Mistake #2: Not Understanding Lifetime Value

This mistake is closely related to mistake #1. Lifetime value of a patient is a phrase that describes how much money that patient will generate over time in your practice. (For those of you who don’t like to talk about patients as a monetary value, get over it ;), you’re running a business here. There’s a clinical aspect to practice and a business aspect. We’re talking business here.) How do you measure this? Take all the money you have collected in your practice, and divide by the total number of new patients you’ve seen. You could go back 1 year or 10 years, but the further you go back the more accurate the numbers will be. Some doctors also refer to this as the “case average” value.

Why do you need to know this number? Because it tells you how much you can spend to get a new patient.  If your lifetime value is $5000 for every new patient that walks in the door, how much would you spend to get that person as a patient? I’ve heard coaching groups say “Never, ever spend more than $100 to get a new patient!” Where does that number come from? If I spend $300 to get a new patient that brings me $5000 in revenue, isn’t this a good business model? Yes, not everyone spends $5k, some spend less, some spend more. That’s why it’s an average. Figure your lifetime value of a patient and start using that number in your decision making.
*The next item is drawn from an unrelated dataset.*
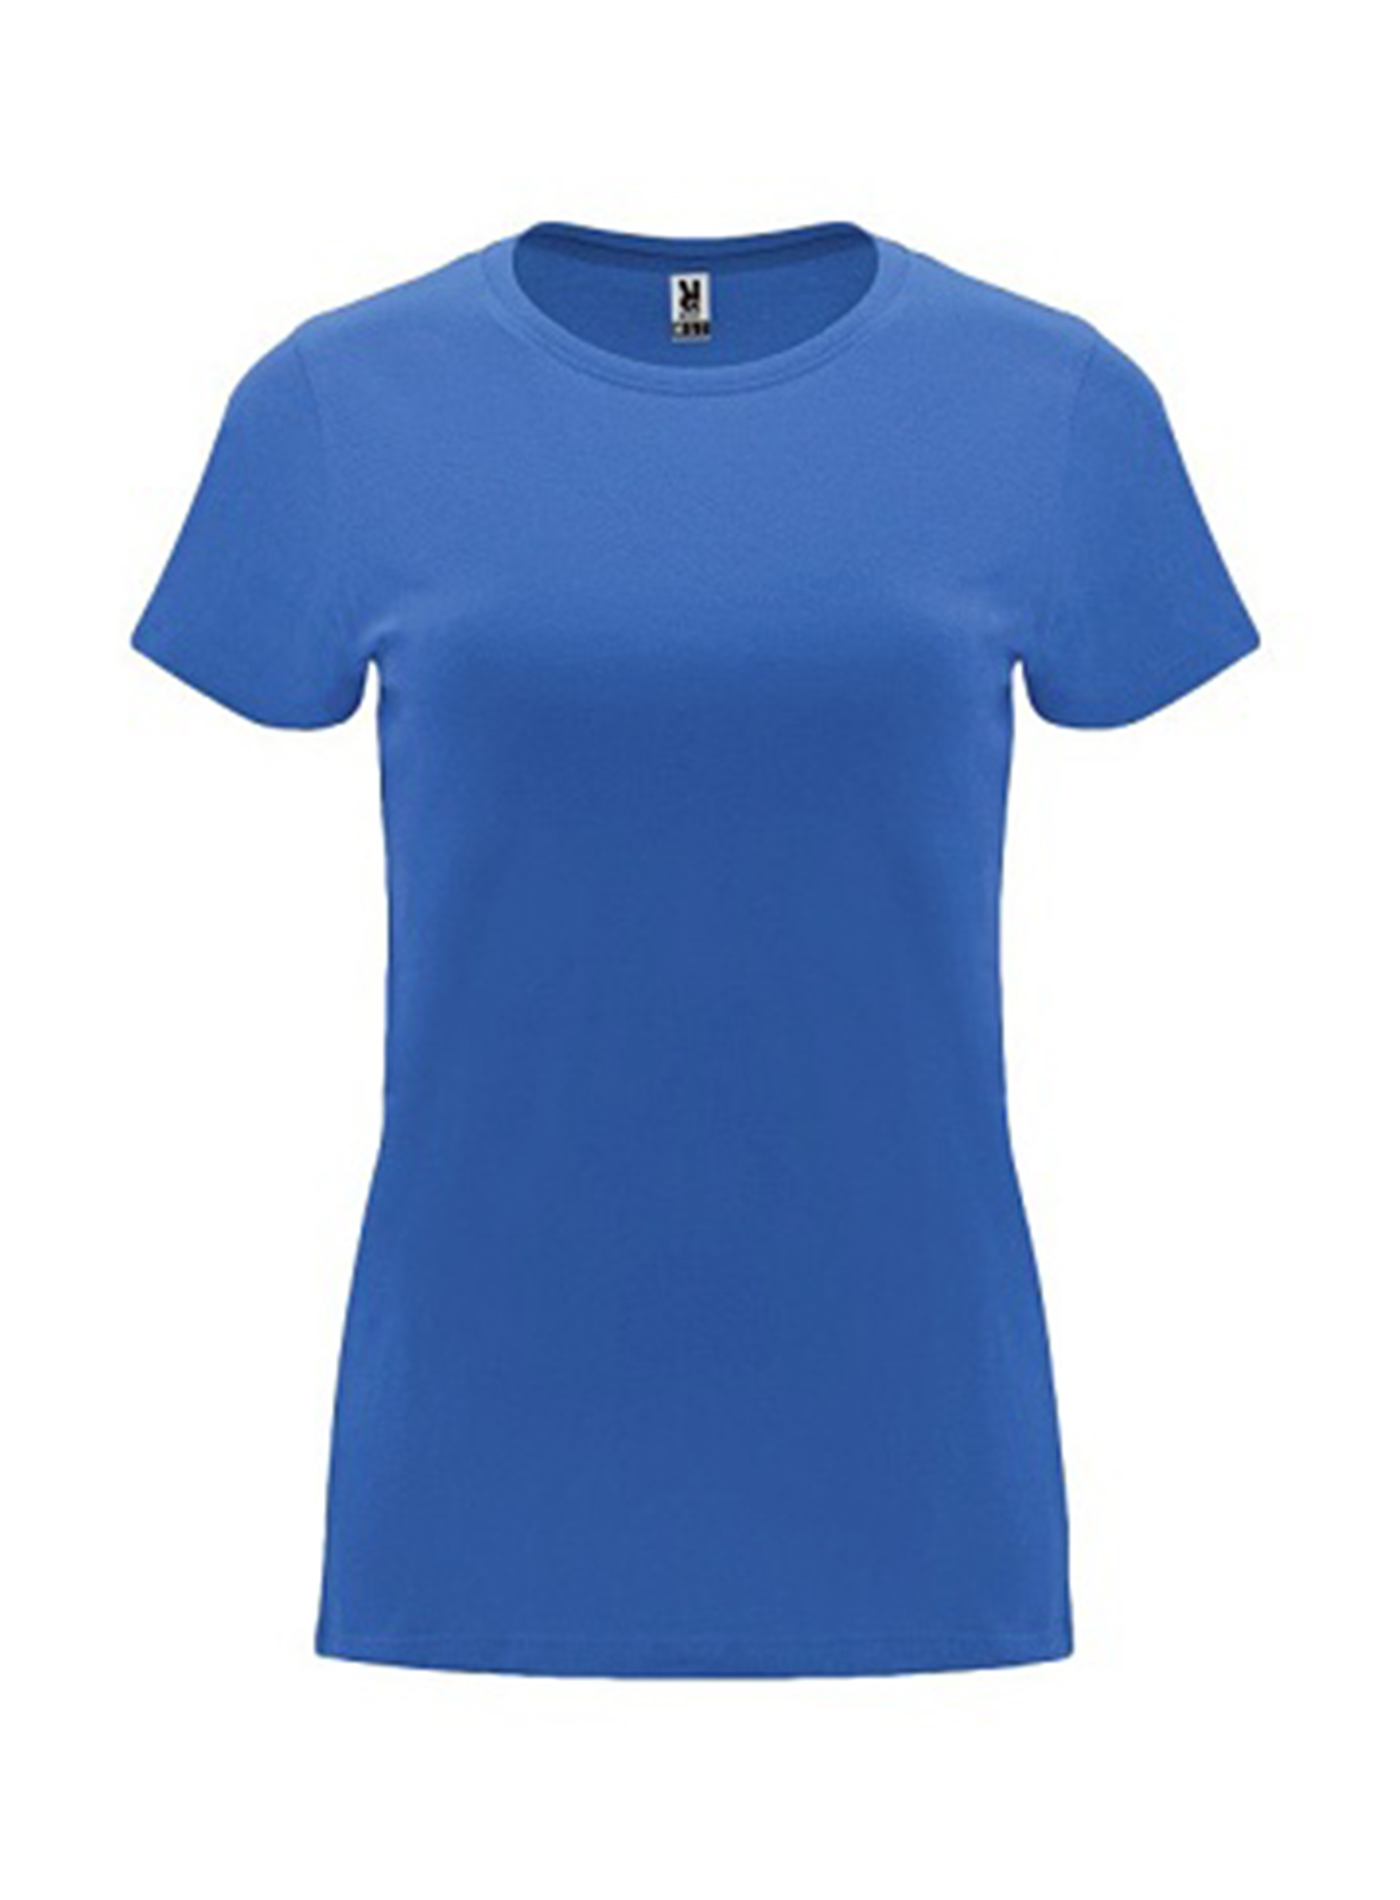 Dámské tričko Roly Capri - Safírově modrá S

Mistake #3: Not Focusing On Condition Specific Marketing

This one will bring the controversies in chiropractic out. No matter, it cost me a ton of money early on in practice and it’s important I tell you about it. If you don’t think chiropractors should market to or even talk about symptoms, you’re in big trouble financially. People have problems. People want solutions to their problems. You can’t sell new patients on wellness. You can teach them about it once they are patients, but you aren’t going to gain most people’s trust trying to sell them something they don’t want.

Now this doesn’t mean you can only adjust that area of complaint, only take x-rays there, etc. That’s not what I’m talking about. But you should market to new patients that have specific problems, then analyze and take care of them the way you see fit. I tried to market and sell my patients wellness, and while I did convert a few patients to care, it almost bankrupted me. Most patients just thought I was speaking a different language and not listening to them. Needless to say, it didn’t take me long to correct this mistake. Educate your patients about wellness once you have them getting better and they are on their way to correction.

While these aren’t the kind of mistakes that get you into trouble with the law or your state board, they are stupid business mistakes that can cost you thousands of dollars and even put you into bankruptcy. Make sure you don’t make them in your practice and you’ll be much more successful because of it.